African Regional Data Cube: tool to tackle food security and other challenges in Africa
The objective of the ODC is to increase the impact of satellite data by providing an open and freely accessible exploitation tool and to foster a community to develop, sustain, and grow the breadth and depth of applications
The 'African Regional Data Cube' was announced yesterday at the Global Partnership for Sustainable Development Data GPSDD's inaugural Data for Development festival in the United Kingdom. This new tool will harness the latest earth observation and satellite technology to help Kenya, Senegal, Sierra Leone, Ghana and Tanzania tackle food security challenges as well as issues relating to agriculture, deforestation, and water access.
The data cube was developed by the Committee on Earth Observation Satellite (CEOS) in partnership with the Group on Earth Observations, Amazon Web Services and Strathmore University in Kenya. This new tool will assist governments, farmers, and consumers deal with the complex challenges while navigating the economic, social, and environmental systems on which they depend.
ODC is an open source project intended to better manage Satellite Data. It has evolved to support interactive data science and scientific computing. It has a great potential to streamline data distribution and management for providers while simultaneously lowering the technical barriers for users to exploit the data to its full potential.

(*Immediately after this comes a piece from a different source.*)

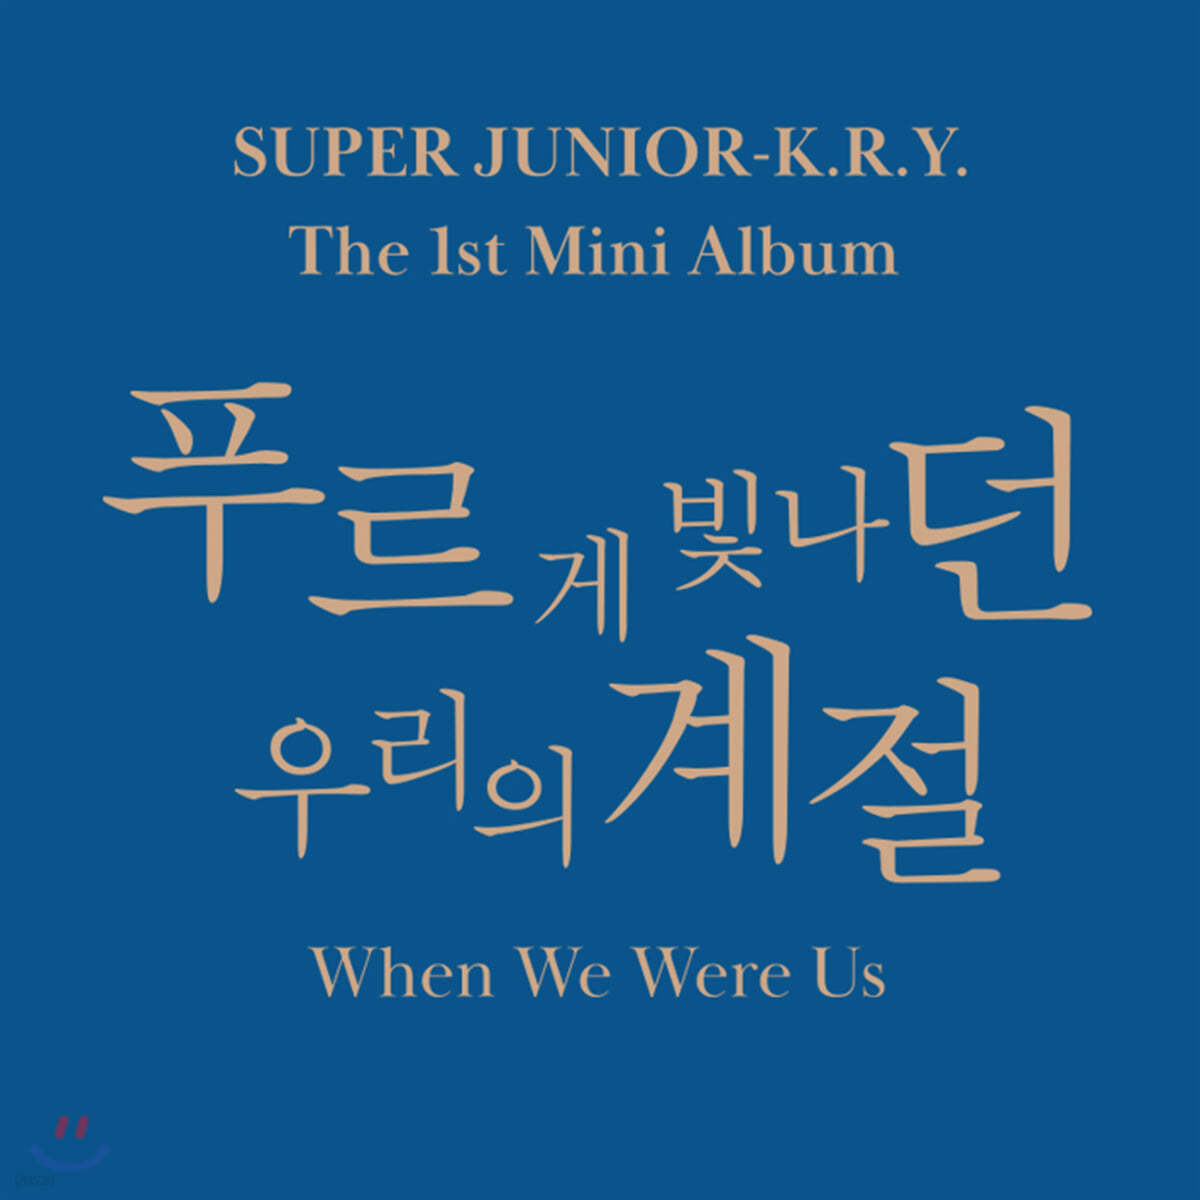 슈퍼주니어-K.R.Y. (Super Junior-K.R.Y.) -  미니앨범 1집 : 푸르게 빛나던 우리의 계절 (When We Were Us) [2종 중 랜덤 1종 발송]

According to H.E William Ruto, the Deputy President of Kenya, "the government will use the data cube to underpin the success food security, a pillar of its 'Big Four' priorities alongside manufacturing, universal healthcare and affordable housing. The data cube will allow the government to understand crop distribution, changing seasons and use of agricultural land in rural areas; as well as better protect its forests and water towers."
The objective of the ODC is to increase the impact of satellite data by providing an open and freely accessible exploitation tool and to foster a community to develop, sustain, and grow the breadth and depth of applications. This solution intends to support key objectives, which include building the capacity of users to apply EO satellite data and to support global priority agendas, such as those found in the United Nations Sustainable Development Goals (UN-SDG) and the Paris and Sendai Agreements.
Expressing her thoughts, Claire Melamed, CEO of the Global Partnership for Sustainable Development Data stated, "These five countries are in the vanguard of data for sustainable development. With their example, we hope that we can broaden access to the data cube across the continent so more countries can benefit from this fantastic solution. The sky really is the limit when it comes to how data from satellites can help drive sustainable development."